東京都人権施策推進指針には、性的少数者(性的マイノリティ)に関連する記述が盛り込まれています。次のような内容です。

○ その他の人権問題
性同一性障害のある人々などに対する偏見があり、嫌がらせや侮べつ的な言動、雇用面における制限や差別、性の区分を前提にした社会生活上の制約などの問題があります。また、近年、同性愛者をめぐって、さまざまな問題が提起されています。

この点を踏まえ、内容について、また、指針の改定について、ご見解をお聞かせください。

1.性的少数者(性的マイノリティ)に関する記述について
① すでに十分であり、変える必要はない
② 十分とは言えないが、見直す必要はない
③ 不十分であるので、見直すべきだ
④ そもそも指針に盛り込む内容ではない
*その他のご意見や補足等がございましたら、ご記入をお願いいたします
(                               )


・後藤輝樹 なし
他の人権に関する記述と比較してみないとなんとも言えません。

・社民党 ③ 不十分であるので、見直すべきだ

・すどうえいじ ③ 不十分であるので、見直すべきだ

・都議会公明党 なし
人権施策推進指針は、人権に関する基本理念を定めていると認識しています。そういう意味では、普遍的な内容ではないかと思います。

・生活者ネット ③ 不十分であるので、見直すべきだ

・都議会民主党 ② 十分とは言えないが、見直す必要はない

・共産党 ③ 不十分であるので、見直すべきだ

・緑の党 ③ 不十分であるので、見直すべきだ
役所の発行する書類などにも、偏見や差別につながるような表現を見かけます。こうした洗い出しも必要だと思います。
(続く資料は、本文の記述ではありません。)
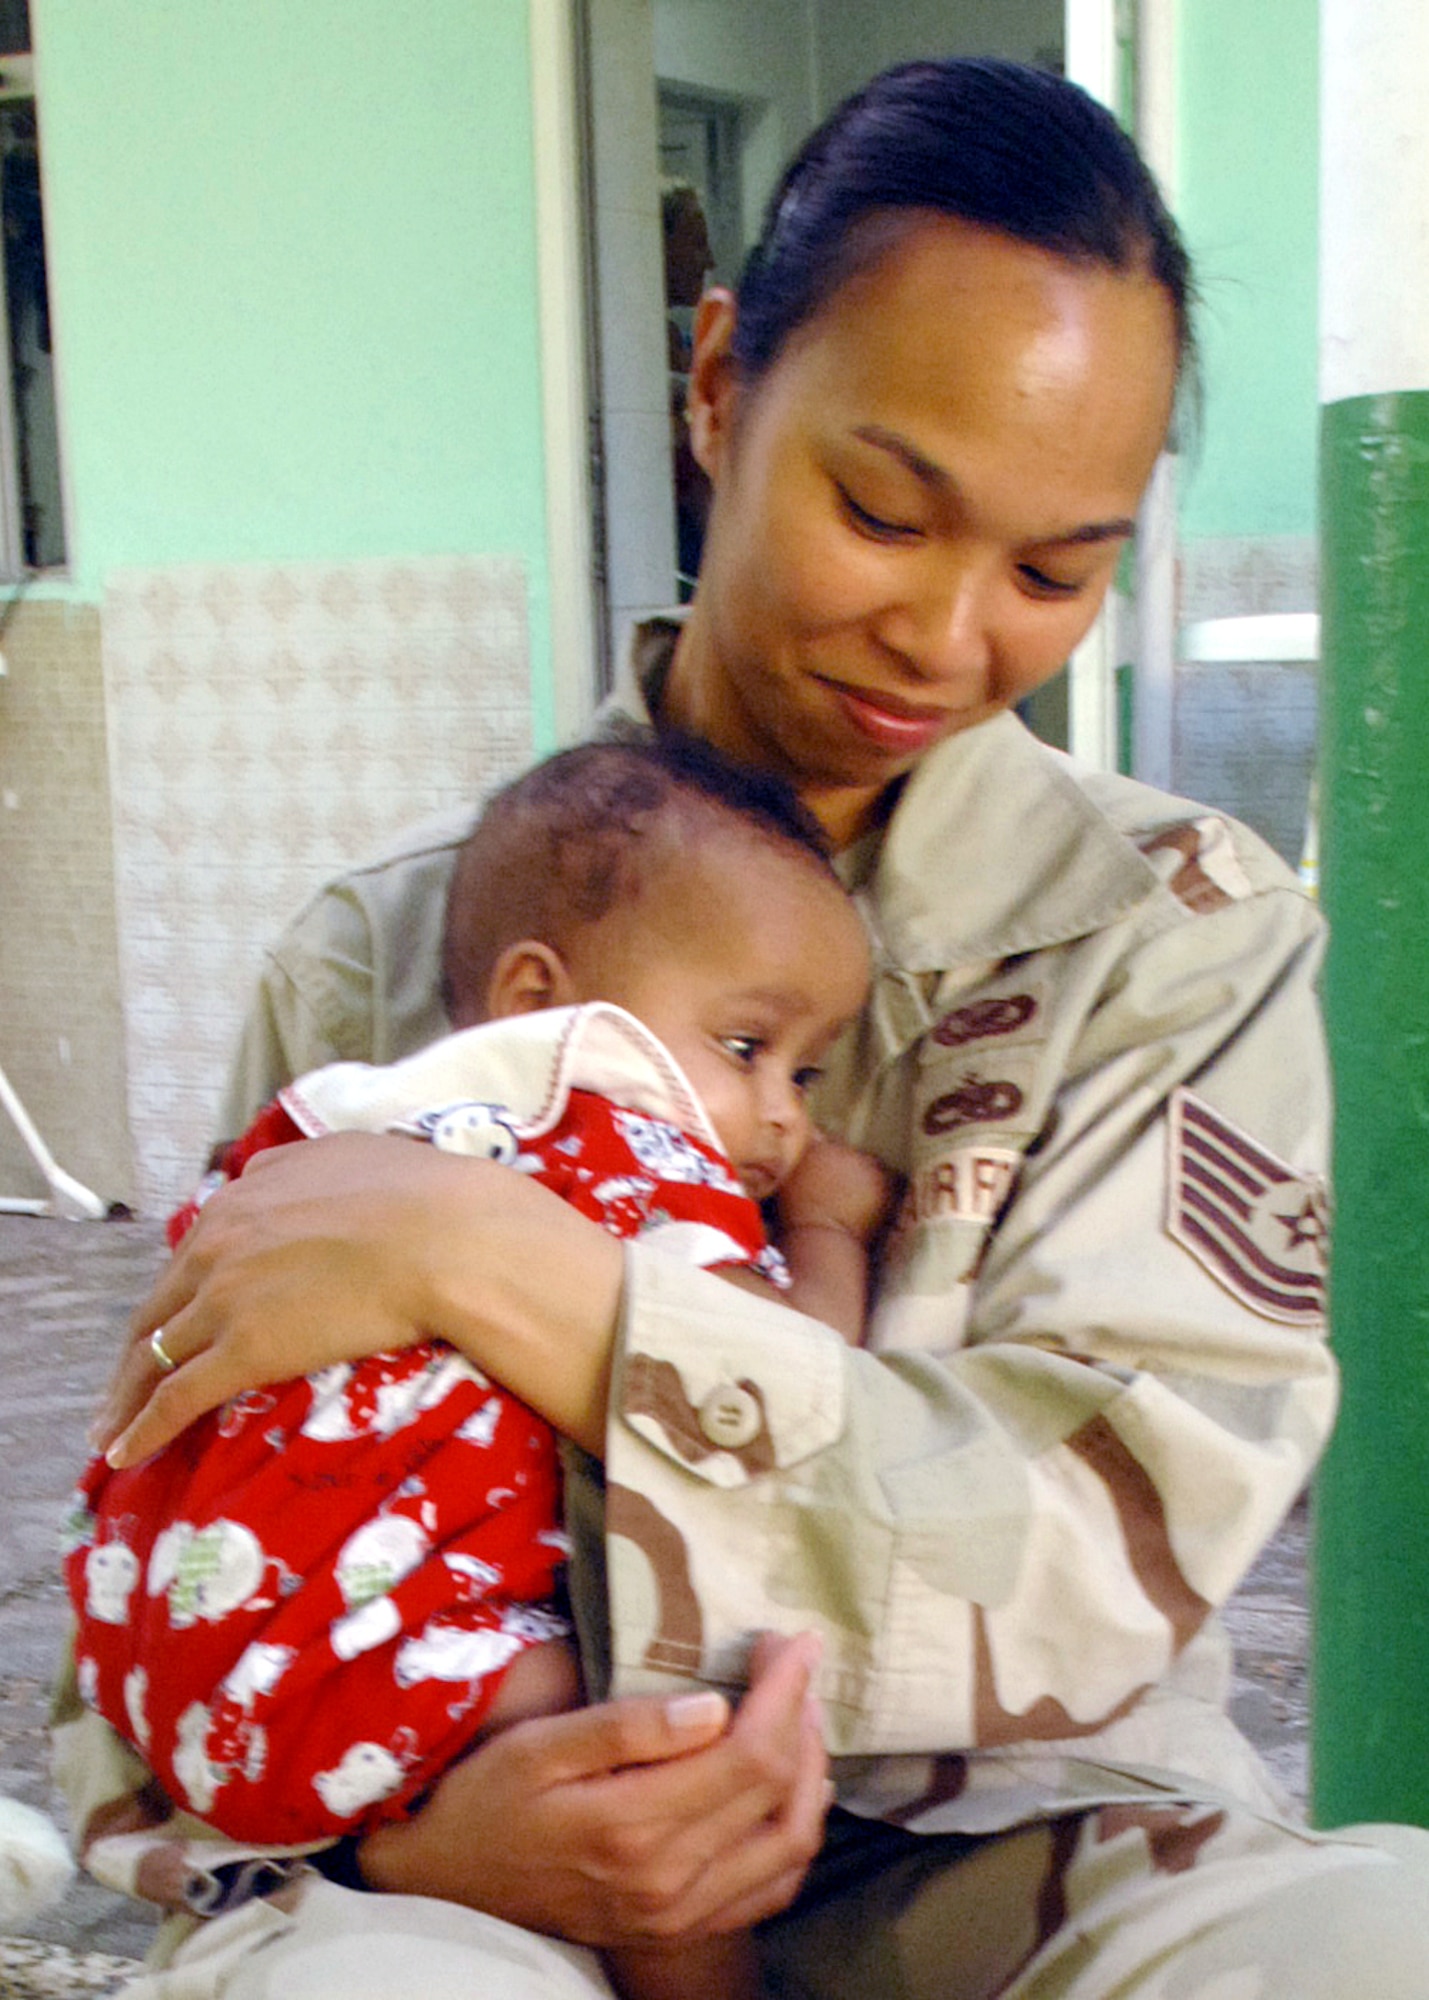 Tech. Sgt. Renee Crisostomo comforts an orphaned baby at the Franciscan Missionaries of Notre Dame Baby Orphanage in Djibouti City, Djibouti. Sergeant Crisostomo, a broadcaster on the U.S. Central Command Air Forces News Team, was on assignment to feature Airmen supporting the Combined Joint Task Force - Horn of Africa at Camp Lemonier, Djibouti, when she paused filming and volunteered at the orphanage. The Camp Lemonier chapel staff arranges visits to this orphanage three times a week. (U.S. Air Force photo/Staff Sgt. Francesca Popp)

2.指針の改定について(指針全体の改定としてご検討をお願いします)
① 特に改定する必要はない
② 改定せずとも、具体的な施策に取り組んでいけばよい
③ 部分的にでも改定を進めていくべきだ
④ 全面的に改定する必要がある
*その他のご意見や補足等がございましたら、ご記入をお願いいたします
(                               )


・後藤輝樹 なし
他の人権に関する記述と比較してみないとなんとも言えません。

・社民党 ④ 全面的に改定する必要がある

・すどうえいじ ③ 部分的にでも改定を進めていくべきだ

・都議会公明党 ② 改定せずとも、具体的な施策に取り組んでいけばよい
指針の内容は普遍的なものと考えていますが、国や都の人権問題の状況など、見直しの気運が高まれば、検討することも重要です。

・生活者ネット ④ 全面的に改定する必要がある
この指針は2000年につくられたもので、まだ一度も見直しがされていないこと自体が問題です。ホームページに記載が有るように、認識は変わっているものと思いますが、きちんと見直す必要があります。


・都議会民主党 ③ 部分的にでも改定を進めていくべきだ
現在の指針は平成12年策定のものであるため、その後の社会情勢等の変化も踏まえた見直しは必要と考えます。

・共産党 ④ 全面的に改定する必要がある

・緑の党 ③ 部分的にでも改定を進めていくべきだ



Ⅲ.性的少数者(性的マイノリティ)の人権について

2012年の東京都知事選挙に当たって、猪瀬直樹副知事(当時)のツイッターで次のようなやり取り(対話)がありました。(2012年11月16日のツイートです。)

@go_lgbt(ふー)さんの質問: 猪瀬直樹さま、はじめまして。私は東京都に住んでいるふーと申します。同性パートナーと12年一緒に暮らしています。性的少数者の人権や同性婚やパートナーシップ法についてどのようにお考えでしょうか。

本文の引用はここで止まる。